5. If exceedingly large weights are to be raised, they must not be trusted to a mere axle; but the axle being retained by the gudgeons, a large drum should be fixed on it, which some call a drum-wheel (tympanum): the Greeks name it ἀμφίρευσις, or περίτροχος.
6. In these machines the blocks are constructed differently from those already described. Having, at top and bottom, two ranks of pulleys, the rope passes through a hole in the lower block, so that each end of the rope is equal in length when extended. It is there bound and made fast to the lower block, and both parts of the ropes so retained, that neither of them may swerve either to the right or the left. The ends of the rope are then returned to the outside of the upper block, and carried over its lower pulleys; whence they descend to the lower block, and passing round its pulleys on the inner side, are carried up right and left over the tops of the higher pulleys of the upper block;
7. whence descending on the outer sides, they are secured to the axle on the right and left of the drum-wheel, about which another rope is now wound, and carried to the capstan. On the turning of the capstan, the drum-wheel and axle, and consequently the ropes fastened to it, are set in action, and raise the weights gently and without danger. But if a larger drum-wheel be affixed, either in the middle or on one of the sides, of such dimensions that men may walk therein, a more effectual power is obtained than the capstan will afford.

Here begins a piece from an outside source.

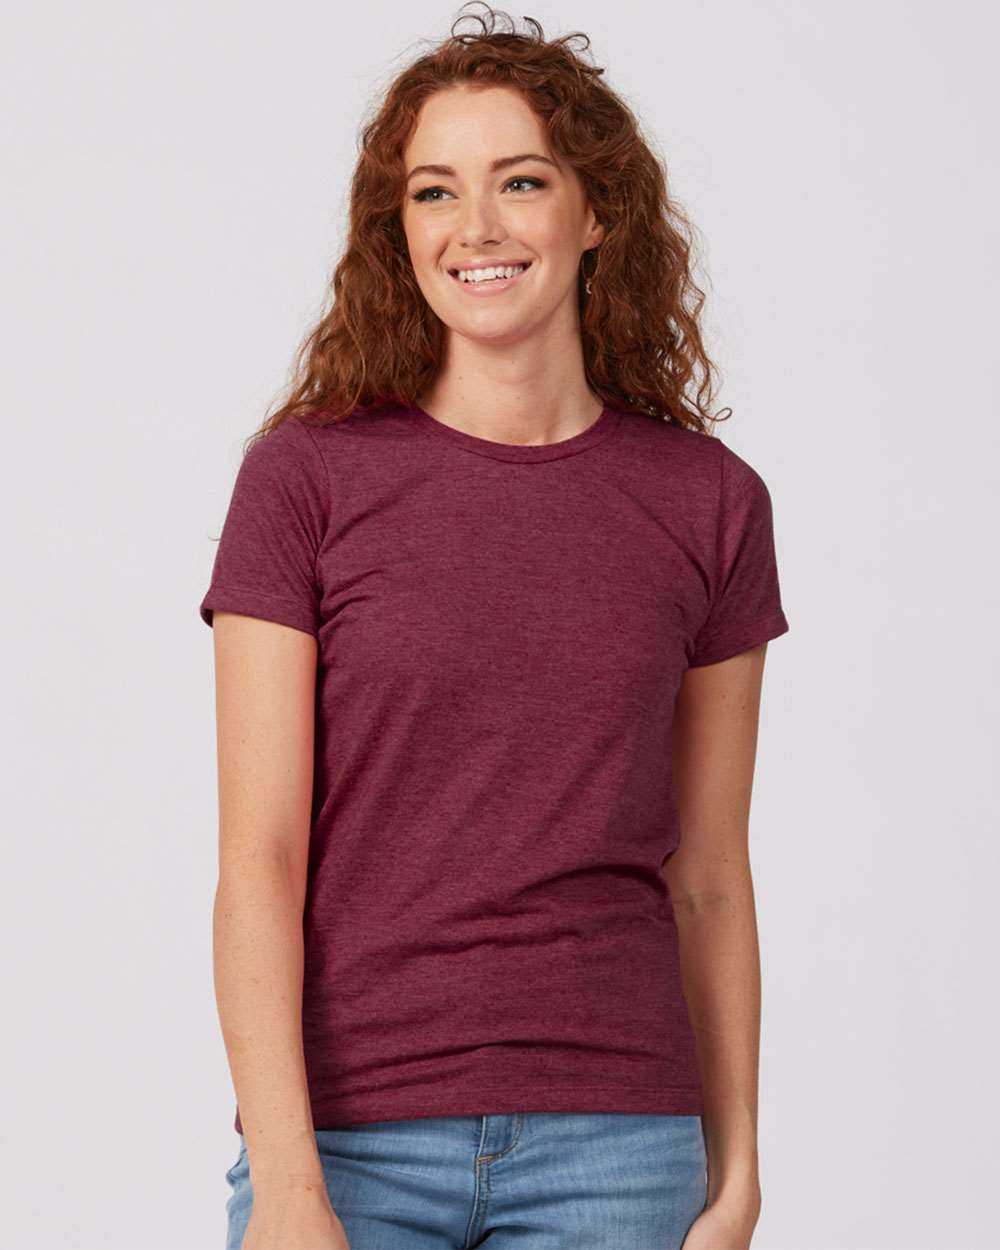 Tultex 542 Women's Premium Cotton Blend T-Shirt - Burgundy Heather - HIT a Double

8. There is another species of machine, ingenious in respect of its contrivance, and of ready application in practice; but it should not be used except by experienced persons. A pole or log of timber is raised, and kept in its situation by means of four guy ropes in opposite directions. Under the place where the guy ropes at top are made fast to the pole, two cheeks are fixed, above which the block is tied with ropes. Under the block, a piece of timber •about two feet long, six inches wide, and four inches thick, is placed. The blocks have three ranks of pulleys latitudinally, so that it is necessary to conduct three leading ropes from the upper part of the machine; these are brought down to the lower block, passing from the outer sides of the lower pulleys to the inner sides of the lower pulleys of the upper block.
9. Descending once more to the inferior block, they pass round the second rank of pulleys from the inner to the outer side, and are then returned to the second rank of pulleys in the higher block, over which they pass and return to the lowest, whence they are again carried upwards, and passing round the uppermost pulley, return to the lower part of the machine. A third block is fixed near the bottom of the pole, whose Greek name is ἐπάγων, but with us it is called Artemo. This block, which is made fast to the pole at a small distance from the ground, has three pulleys through which the ropes are passed, for the men to work them. Thus, three sets of men, working without the intervention of a capstan, quickly raise the weight to its required height.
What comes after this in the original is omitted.